The subject of the project are covalently cross-linked amphiphilic co-networks of model character (model ACN), which are obtained by various hetero-complementary reactions of 4-arm stars of different philia. In this project, the question of the extent to which interactions of the reacting groups or the linkages formed during the cross-links influence the further course of the reaction and thus the microstructure of the networks will be investigated. In particular, it is suspected that deviations from the statistical course of the reaction occur in the presence of strong interactions, which may lead to deviations in the microstructure compared to other ACNs described in the literature. The linkage reactions are selected to cover a wide range of possible interactions.

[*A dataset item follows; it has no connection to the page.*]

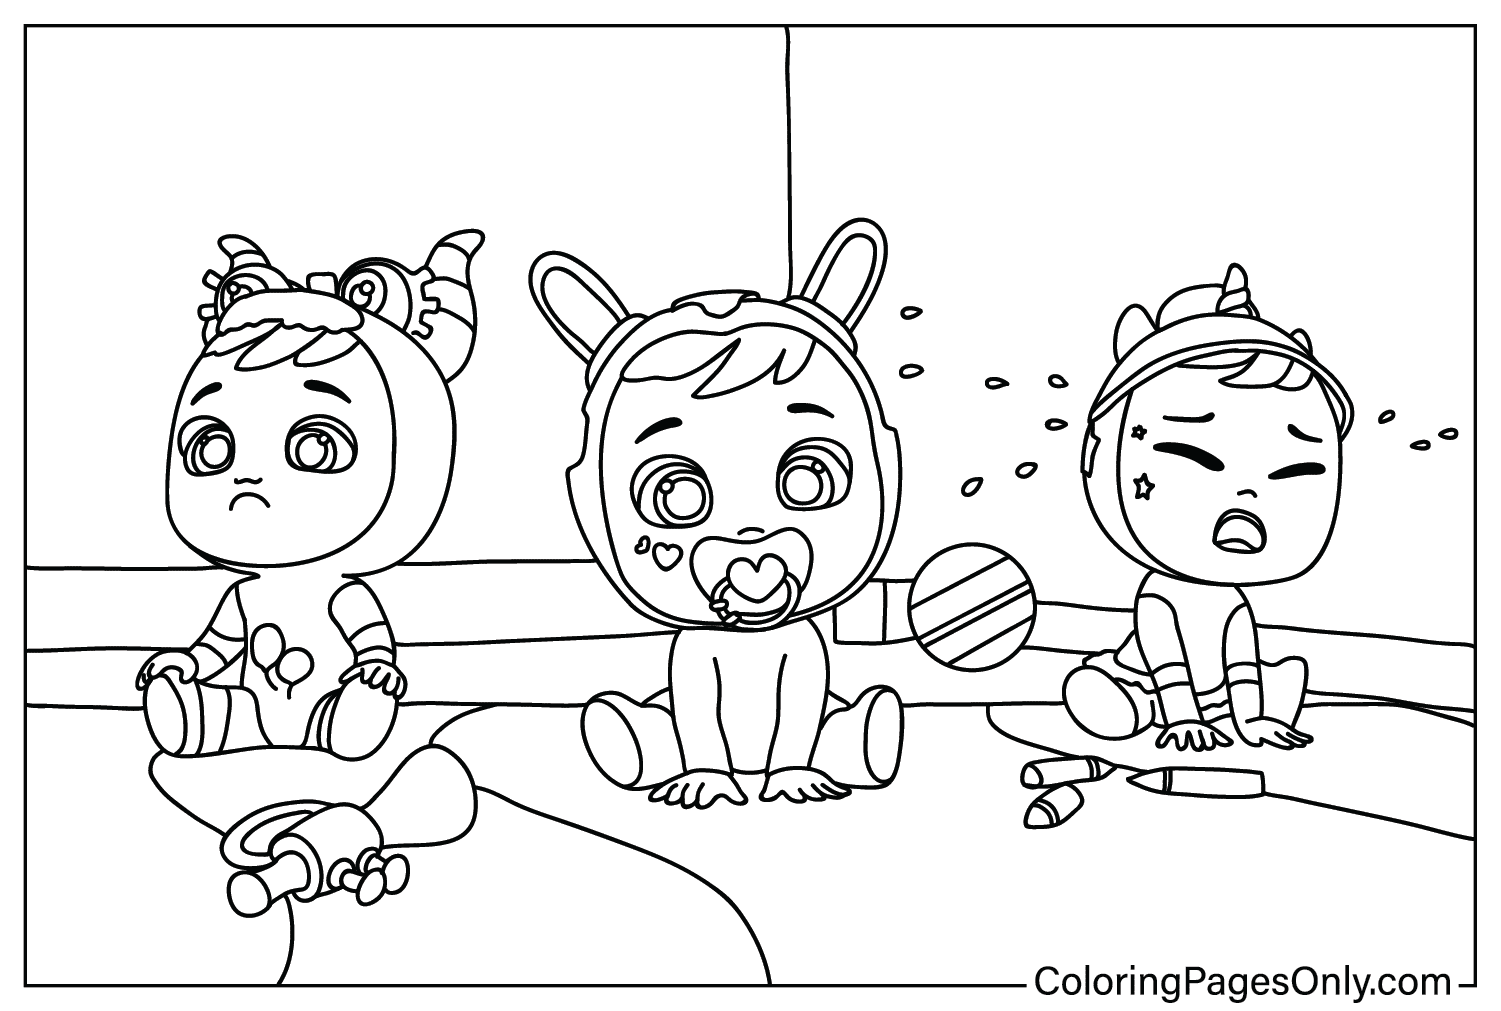 Cry Babies Coloring Page Free from Cry Babies

In the case of ester linkages, weak interactions should tend to occur, while strong interactions are expected for covalent-ionic linkages. A special case is represented by networks which are produced by a reversible Diels-Alder reaction. Such networks will be used to investigate the extent to which reaction-induced dynamic rearrangements affect the microstructure of ACNs. Another aspect of structure formation during synthesis are interactions of the hydrophobic and hydrophilic components, which can lead to phase separation and thus to pre-structuring of the networks. In this context, the use of star block copolymers with hydrophilic core and hydrophobic wings as starting materials for the synthesis of ACNs is envisaged. In this approach, collapse of the core can be caused by the use of selective solvents, which should have a significant impact on the network structure. The main goal is a better understanding of the structure-determining influences during network synthesis, as a prerequisite for the synthesis of model ACNs with a minimum of network defects. The evaluation of synthesis-related structural influences on the network formation will be based on investigations of chain connectivity and network mobility, network topology and permeability as well as network mechanics and rheology, which are covered by cooperation within the research group. Modelled structure-property correlations, which are provided by the theoretically oriented project partners, serve as evaluation criteria here.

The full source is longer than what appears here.